New tanks seen from Bldg. 10’s 14th floor
Dr. Neville Sanjana

It’s an exciting time to be a young scientist, as new technology keeps opening new doors to scientific discovery. Two NIH early-career investigators recently discussed their research on cancer genomics, made possible by the latest genetic and analytic tools.

“Early-career investigators are the future of our institution and of biomedical research,” said Dr. Tom Misteli, director of NCI’s Center for Cancer Research, at the recent CCR Grand Rounds in Lipsett Amphitheater. “We have reached a point where we actually do understand many of the basic principles and mechanisms [underlying cancer] with sufficient detail, so we can use that knowledge to translate it to the clinic.”

Misteli introduced the two researchers who recently received the Martin & Rose Wachtel Cancer Research Award, splitting the $25,000 prize from the Wachtel endowment. Dr. Neville Sanjana of New York University and the New York Genome Center and Dr. Omer Yilmaz of the Koch Institute for Integrated Cancer Research at MIT, who both teach biology, described their findings at the AAAS-sponsored Wachtel Lecture, co-hosted by NCI.

Sanjana’s lab is using gene-editing technologies to pinpoint genetic variants that contribute to cancer growth and therapeutic resistance.

“How do we take the human genome, with its 3 billion bases, and find that needle in a haystack?” he asked. “As we get this huge number of variants from tumor sequencing, it’s becoming more and more difficult to understand which of these variants cause the disease, which ones drive tumor evolution and drug resistance and which ones might just be passengers along for the ride.”
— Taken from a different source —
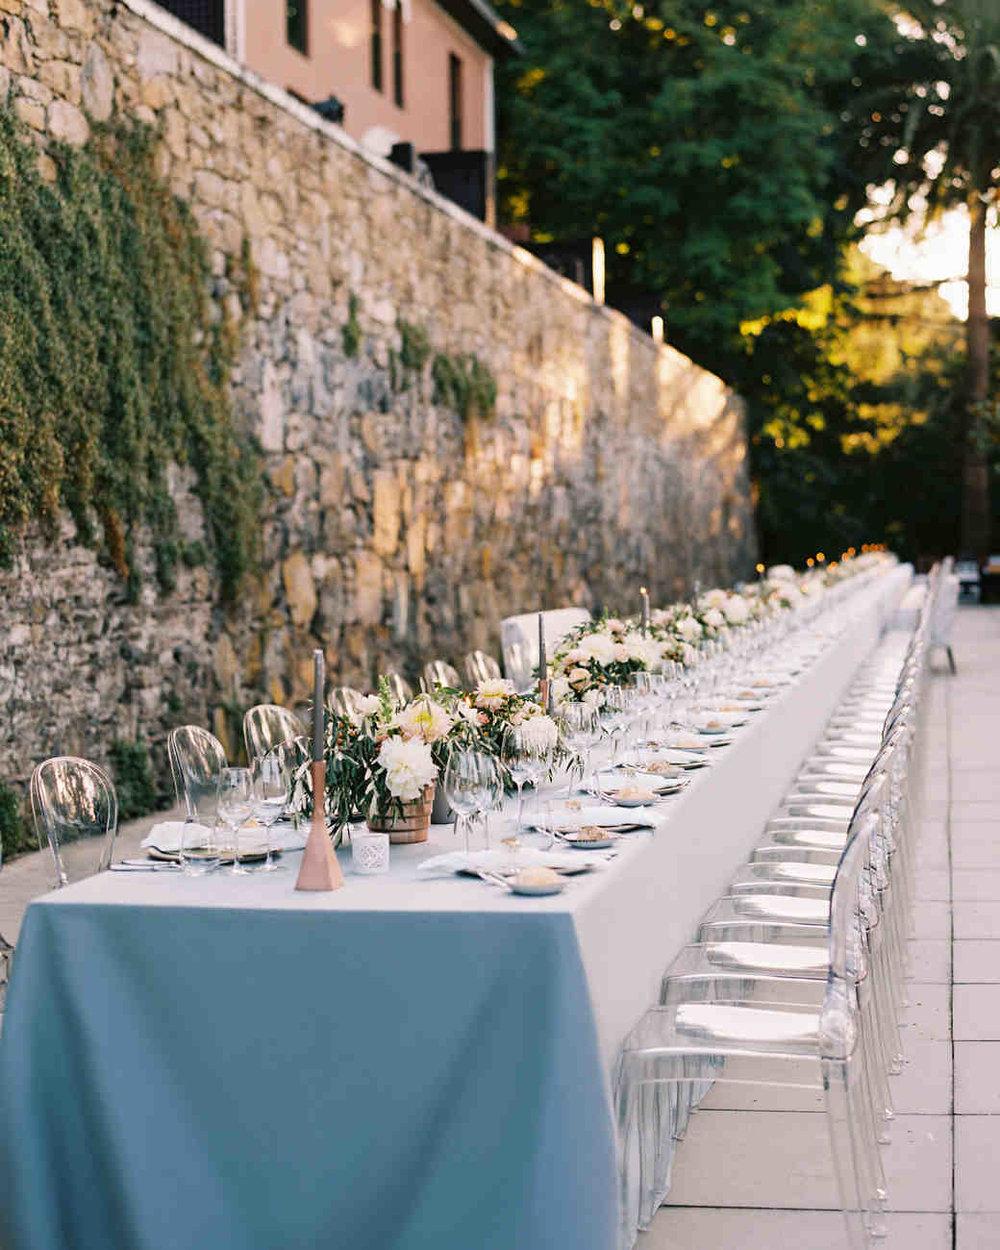 jeannette-taylor-wedding-portugal-table-103105720_vert.jpg

In analyzing cancer mutations, much attention is focused on protein-coding genes of the genome. But they make up only a small fraction of the entire human genome — less than 2 percent. Sanjana is particularly interested in the noncoding regions, which comprise 98 percent of the genome. Using CRISPR nucleases like Cas9, his lab is able to knock out thousands of genes and noncoding regions to help find mutations that drive drug resistance in melanoma. His gene- editing approach using pooled screens does not rely on making a single mutation at a time but instead harnesses libraries that can test thousands of mutations in parallel.

BRAF is the most commonly mutated gene in melanoma and a common treatment for BRAF-mutant melanoma is the FDA-approved drug vemurafenib. Most melanoma patients go into remission for a time after receiving the drug, but then resistance sets in and the prognosis worsens. By editing human melanoma cells and exposing them to the drug or a placebo, Sanjana and his colleagues have identified novel genes and noncoding regions of the genome that drive vemurafenib resistance.

Dr. Omer Yilmaz
Dr. Omer Yilmaz


“Even though we already have all these assays of noncoding function,” said Sanjana, “the functional screens add another layer on top of those assays that’s directly connected with an important phenotype, the drug resistance itself that we see in patients.”

Another study in Sanjana’s lab is identifying mutations that prevent immunotherapy from working. This collaborative work with NCI’s [Dr. Nicholas] Restifo’s lab uses genome-wide screens to pinpoint tumor mutations that result in immunotherapy failure across genetically diverse melanomas and also other cancers where immunotherapy is currently being deployed in the clinic.

One gene they identified, the apelin receptor, hadn’t previously been associated with immunotherapy response. But in a mouse melanoma model, tumor cells without the apelin receptor significantly decreased the efficacy of immunotherapy in terms of tumor volume and survival.

Said Sanjana, “We’re moving slowly toward a future with precision medicine where we could, in advance of a patient receiving a T-cell immunotherapy, be able to predict whether their tumor is a good candidate for this kind of therapy or whether it should be [used in combination with, or in lieu of] another therapy.”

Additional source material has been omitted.